Quenched Jet Image Analysis Using Machine Learning

Using computer image recognition techniques to differentiate between samples of jets.[1]

Getting Started

These instructions will help you set up two machine learning models (LDA and NN) train them on jet images, and extract their discrimination methods.

Dependencies

  • ROOT
  • Fastjet[2]
  • Tensorflow
  • Keras

Installation

All the jet imaging files can be downloaded by running:

git clone https://github.com/brosand/JetStuff.git

Running the code

The jet analysis process contains five steps:

  1. Create event root files
  2. Run fastjet to extract the jets
  3. Preprocess the jets for training
  4. Train the model
  5. Extract the learning from the model

For argument help: python <prog.py> -h

Step 1: Create event root files

We have employed six different methods for creating the initial root files, based on the two formats of data we received, as well as our four different types of simulations. All of these root trees are of the same format with the name "tree", although some do not have charge and/or mass:

tree
├──iEvents
├──nFinalParticles
├──px[]
├──py[]
├──pz[]
├──energy[]
├──charge[]
├──mass[]

Proton pythia generation:

ppPythia.cpp Runs pp collisions using Pythia with a set collision pt minimum of 150 GeV, and stores a tree in the file pp.root

To run:

make ppPythiaMake
./ppPythia

W-boson pythia generation:

wPythia.cpp Runs pp collisions in which every event is required to generate a w-boson. It uses Pythia with a set collision pt minimum of 150 GeV, and stores a tree in the file w.root.

To run:

make wPythiaMake
./wPythia

Fake lead collision generation:

leadFake.cpp Simulates a lead-lead collision by hand.
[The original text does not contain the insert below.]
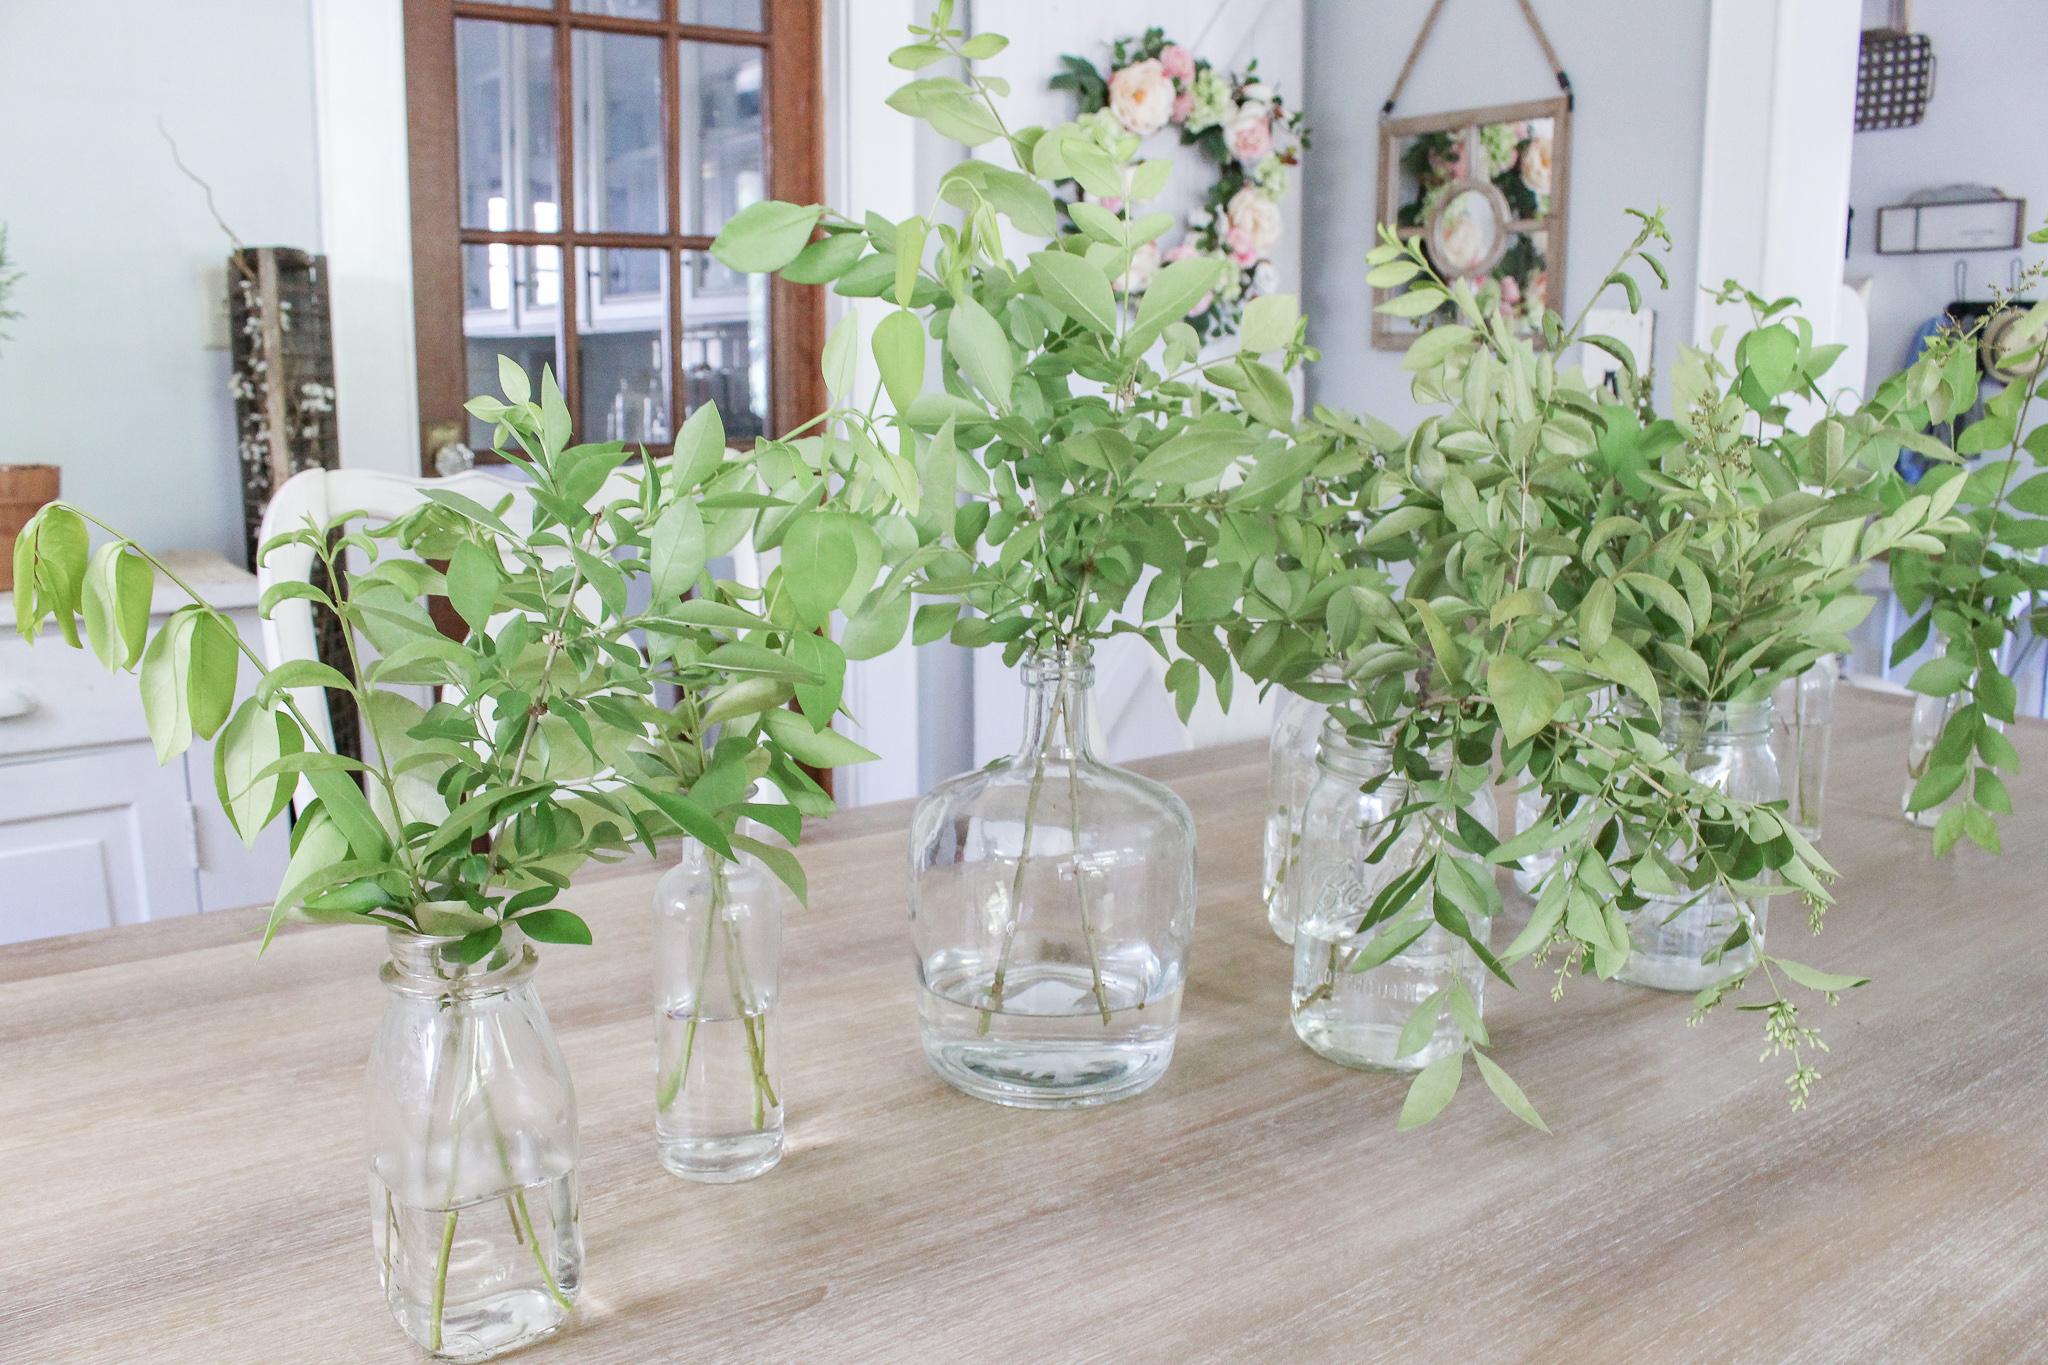 Dining room greenery

Tree stored in leadFake.root

To run:

make leadFakeMake
./leadFake

Kirill data conversion:

kirillConvert.cpp Converts data from Kirill's four different .dat files into the format of our previous trees, without the charge, which we did not need for our work-- maybe take out. The output root file is stored in sampleA.root, where A is whichever sample is being converted.

To run:

>> make kirillConvert.cpp
>> ./kirillConvert.cpp
<< Enter the name of the file to read from (probs a .dat):
// <path to whichever .dat file>
>> folder/sampleA.dat

Kirill's four .dat files:

Sample A: Radiative losses (soft gluons at large angles)
Sample B: Drag force (these should look very much like vacuum jets except for the energy loss)
Sample C: Modified splitting function
Sampe D: Vacuum pythia6 jets

Li data conversion:

liConvert.cpp Converts data from Li's samples of real STAR data into root files of our established format. The output file is stored in a specified folder with the original name of the file with a "C" before the .root. Note: this tree does not have the branches "iEvents", "nFinalParticles", and charge, but these branches are superfluous. It is also missing "mass", which is much harder to calculate for real data, so will not be utilized to make analysis more precise.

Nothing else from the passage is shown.